US Chamber: Trump is ‘wrong’ in terms of infrastructure bill

Trump, who has long been an advocate for infrastructure spending, issued a statement last weekend in which he claimed that only 11% of the $ 1.2 trillion package goes to “real” infrastructure. The former president, who repeatedly tried and failed to pass an infrastructure bill while in the White House, argued that Republican lawmakers should be ashamed of themselves.

Neil Bradley, Chief Policy Officer at the U.S. Chamber of Commerce, told CNN that Trump is “wrong.”

“There’s a lot of misinformation around this bill, including that only a small amount goes to infrastructure,” Bradley said in an interview.

The head of the Chamber of Commerce pointed to hundreds of billions of dollars set aside for roads, transit, airports and shipping ports. And the legislation also calls for major investment in broadband and the U.S. power grid.

“It’s hard to say that the internet and electricity do not count as infrastructure,” Bradley said.

The business community loudly supported the infrastructure bill, which President Joe Biden plans to sign into law on Monday.

“We are delighted to finally make a long-awaited investment in our nation’s infrastructure,” Bradley said.

Inflation concerns

The department remains committed to blocking the comprehensive economic and climate package that the White House hopes to get through Congress in the coming weeks on a biased basis through reconciliation.

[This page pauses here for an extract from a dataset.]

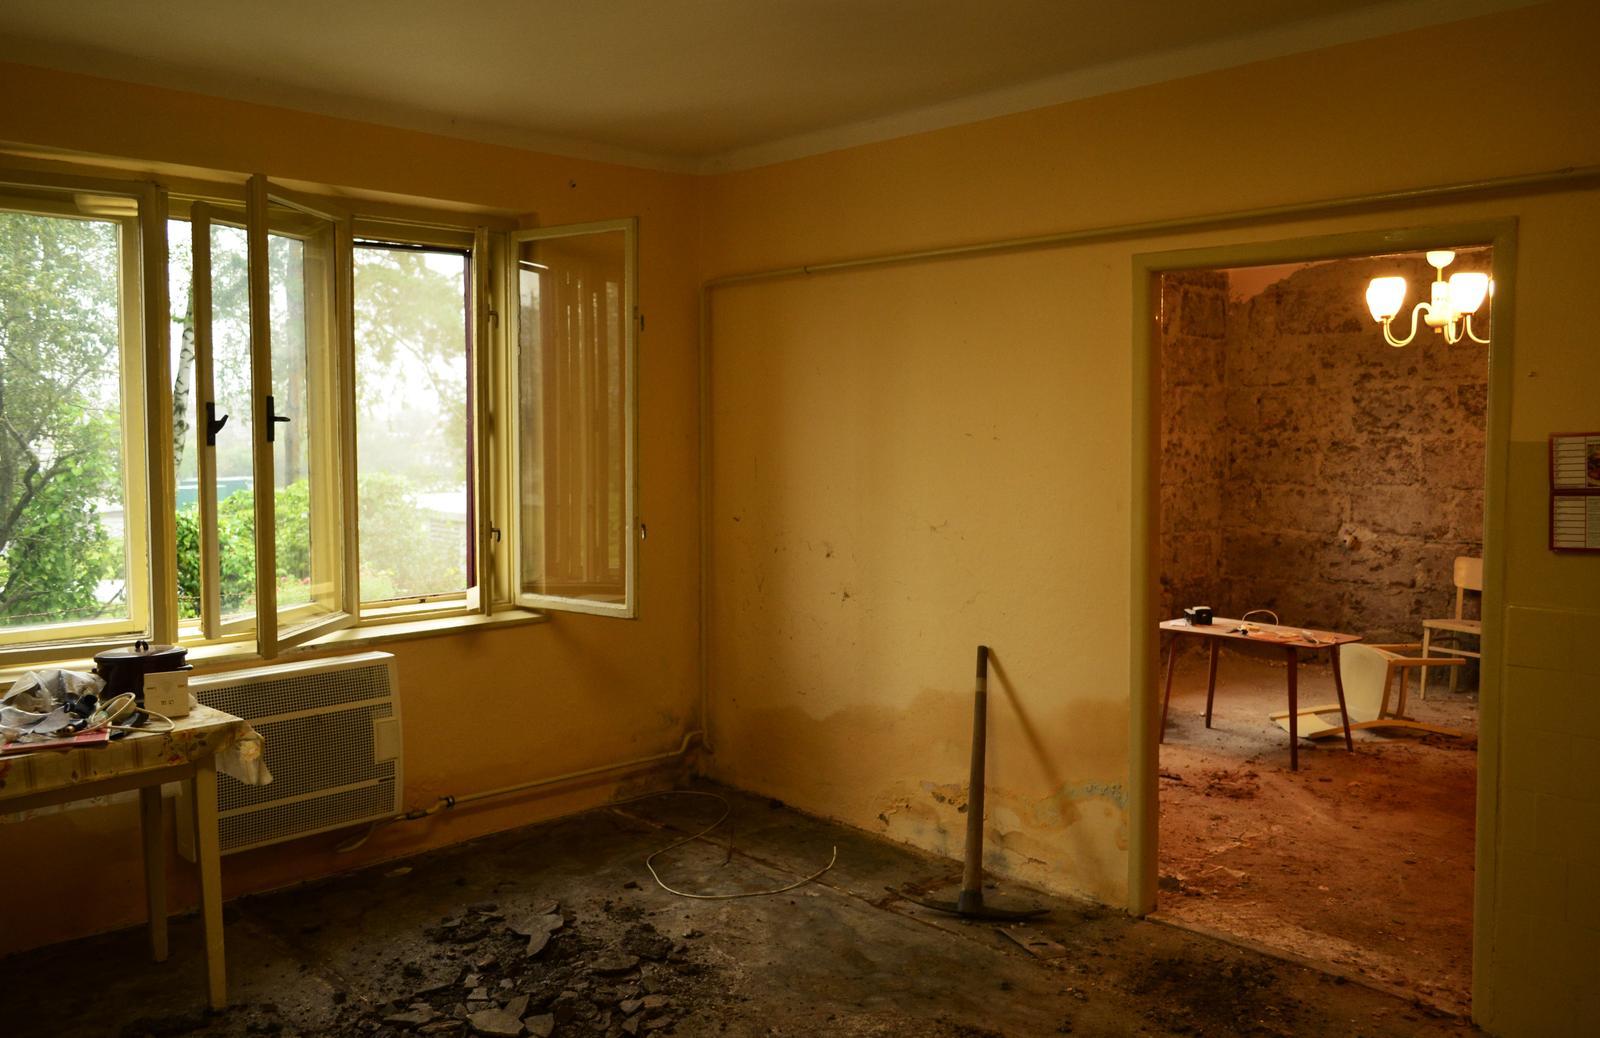 V zelenom dome - Kuchynka s hnilou podlahou, vlhkou stenou a otlčenou obývačkou
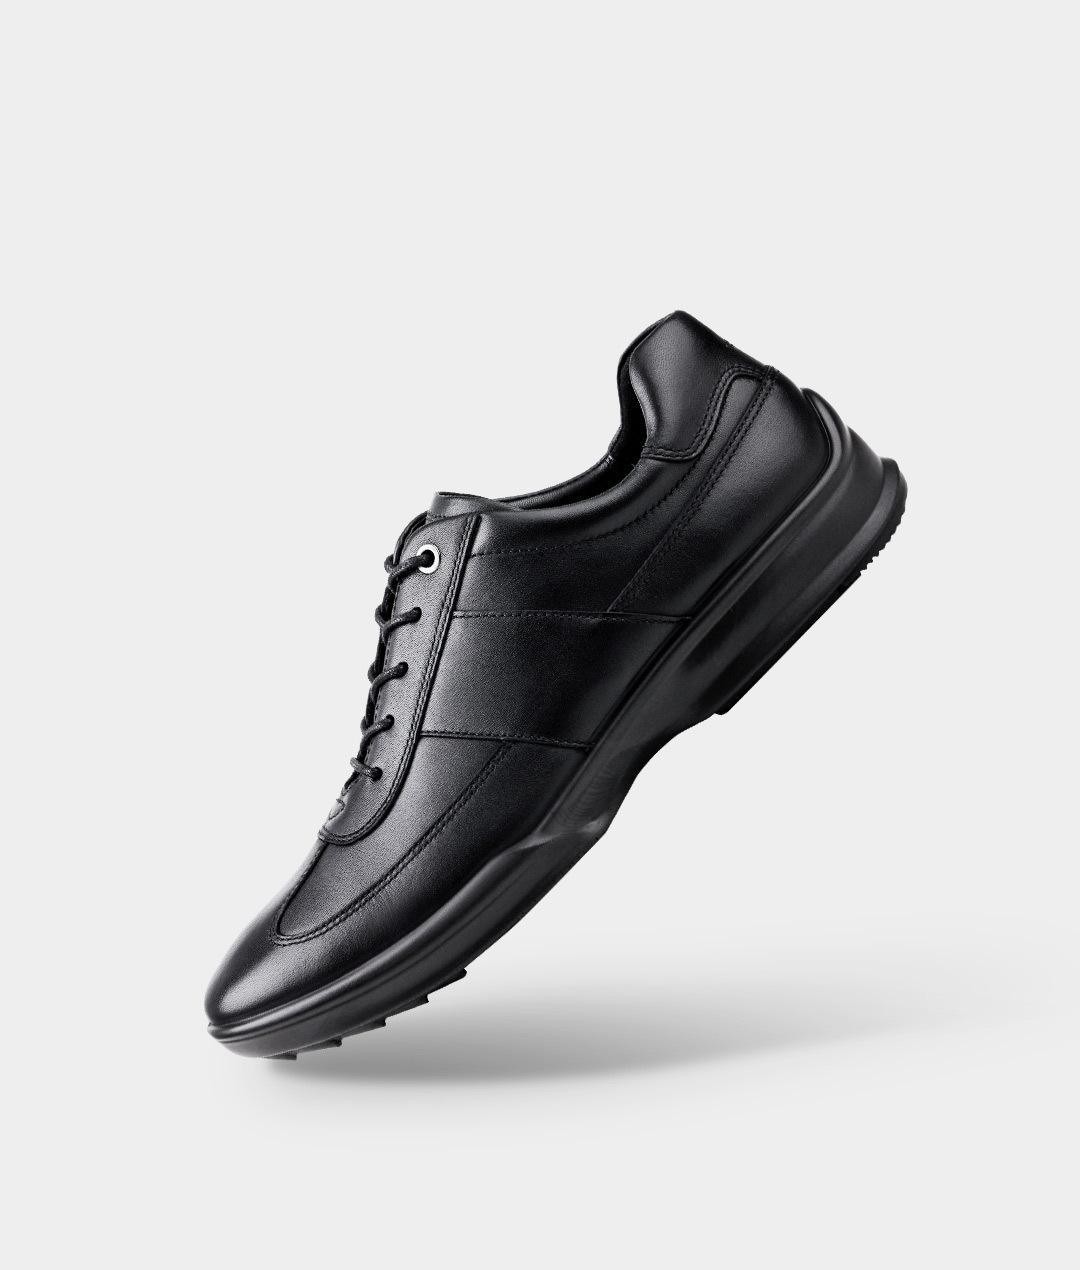 YOUPIN 小米有品 男士七面一体成型运动皮鞋

“We still have a very high level of concern about the reconciliation package,” Bradley said.

Bradley is skeptical of the $ 1.9 trillion price tag on the proposal, down from $ 3.5 trillion earlier, because he said Democrats are likely to try to extend important policies such as the child tax deduction instead of letting them stall. .

“This is a kind of shell game,” he said.

Bradley also argued that the reconciliation package could further inflame the United States’ worsening inflation problem. U.S. consumer prices rose in October at the fastest 12-month rate since the late 1990s.
America's prices are rising more than they have done for 30 years

In contrast, Moody’s Analytics released a report last week on the impact of both the infrastructure and the voting packages, finding that “concerns that the plan will ignite undesirably high inflation and an overheating economy are exaggerated.”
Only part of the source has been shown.